- Coordinates: 38°18′45″N 93°52′40″W﻿ / ﻿38.31250°N 93.87778°W
- Country: United States
- State: Missouri
- County: Henry
- Incorporated: January 1, 1936

Area
- • Total: 0.081 sq mi (0.21 km^{2})
- • Land: 0.081 sq mi (0.21 km^{2})
- • Water: 0 sq mi (0.00 km^{2})
- Elevation: 748 ft (228 m)

Population (2020)
- • Total: 27
- • Density: 335.8/sq mi (129.65/km^{2})
- Time zone: UTC-6 (Central (CST))
- • Summer (DST): UTC-5 (CST)
- ZIP code: 64735
- Area code: 660
- FIPS code: 29-39638
- GNIS feature ID: 2398363

= La Due, Henry County, Missouri =

La Due is an inactive village in Henry County, Missouri, United States. The population was 28 at the 2010 census.

==History==
La Due was platted in 1870, and named after A. D. Ladue, a railroad official. A post office called La Due was established in 1872, and remained in operation until 1973.

==Geography==

According to the United States Census Bureau, the village has a total area of 0.08 sqmi, all land.

==Demographics==

Historical population
| Census | Pop. | Note | %± |
| 1990 | 20 |  | — |
| 2000 | 39 |  | 95.0% |
| 2010 | 28 |  | −28.2% |
| 2020 | 27 |  | −3.6% |
U.S. Decennial Census

===2010 census===
As of the census of 2010, there were 28 people, 15 households, and 6 families living in the village. The population density was 350.0 PD/sqmi. There were 24 housing units at an average density of 300.0 /sqmi. The racial makeup of the village was 85.7% White, 3.6% Asian, and 10.7% from two or more races.

There were 15 households, of which 6.7% had children under the age of 18 living with them, 33.3% were married couples living together, 6.7% had a female householder with no husband present, and 60.0% were non-families. 40.0% of all households were made up of individuals, and 20% had someone living alone who was 65 years of age or older. The average household size was 1.87 and the average family size was 2.50.

The median age in the village was 56.3 years. 7.1% of residents were under the age of 18; 3.6% were between the ages of 18 and 24; 7.2% were from 25 to 44; 53.6% were from 45 to 64; and 28.6% were 65 years of age or older. The gender makeup of the village was 42.9% male and 57.1% female.

===2000 census===
As of the census of 2000, there were 39 people, 15 households, and 10 families living in the village. The population density was 483.5 PD/sqmi. There were 18 housing units at an average density of 223.1 /sqmi. The racial makeup of the village was 94.87% White, 2.56% Native American, and 2.56% from two or more races.

There were 15 households, out of which 33.3% had children under the age of 18 living with them, 53.3% were married couples living together, 13.3% had a female householder with no husband present, and 26.7% were non-families. 20.0% of all households were made up of individuals, and none had someone living alone who was 65 years of age or older. The average household size was 2.60 and the average family size was 3.00.

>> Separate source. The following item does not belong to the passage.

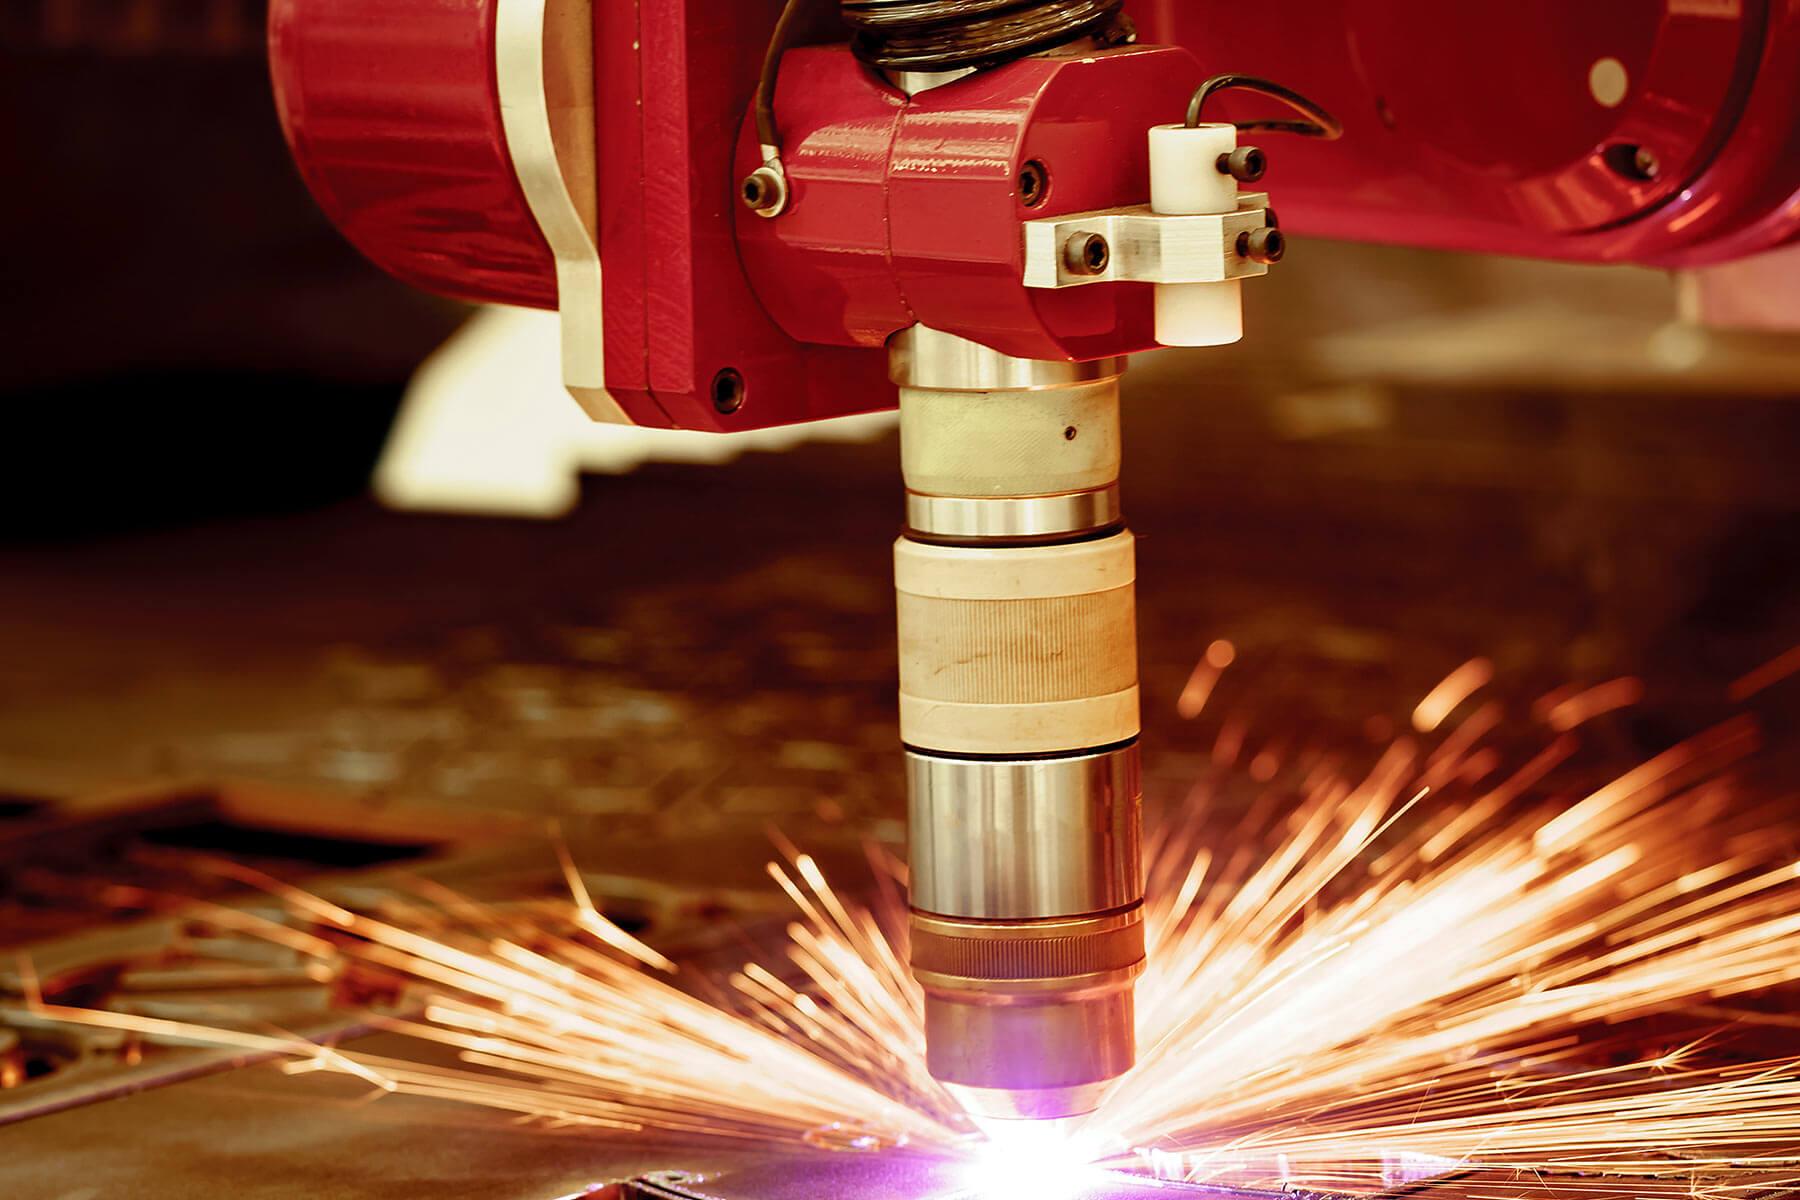 laser plasma cutting sparks up close

In the village, the population was spread out, with 28.2% under the age of 18, 12.8% from 18 to 24, 23.1% from 25 to 44, 12.8% from 45 to 64, and 23.1% who were 65 years of age or older. The median age was 34 years. For every 100 females, there were 116.7 males. For every 100 females age 18 and over, there were 115.4 males.

The median income for a household in the village was $23,750, and the median income for a family was $10,417. Males had a median income of $28,750 versus $11,250 for females. The per capita income for the village was $9,120. There were 46.2% of families and 45.7% of the population living below the poverty line, including 78.6% of under eighteens and 20.0% of those over 64.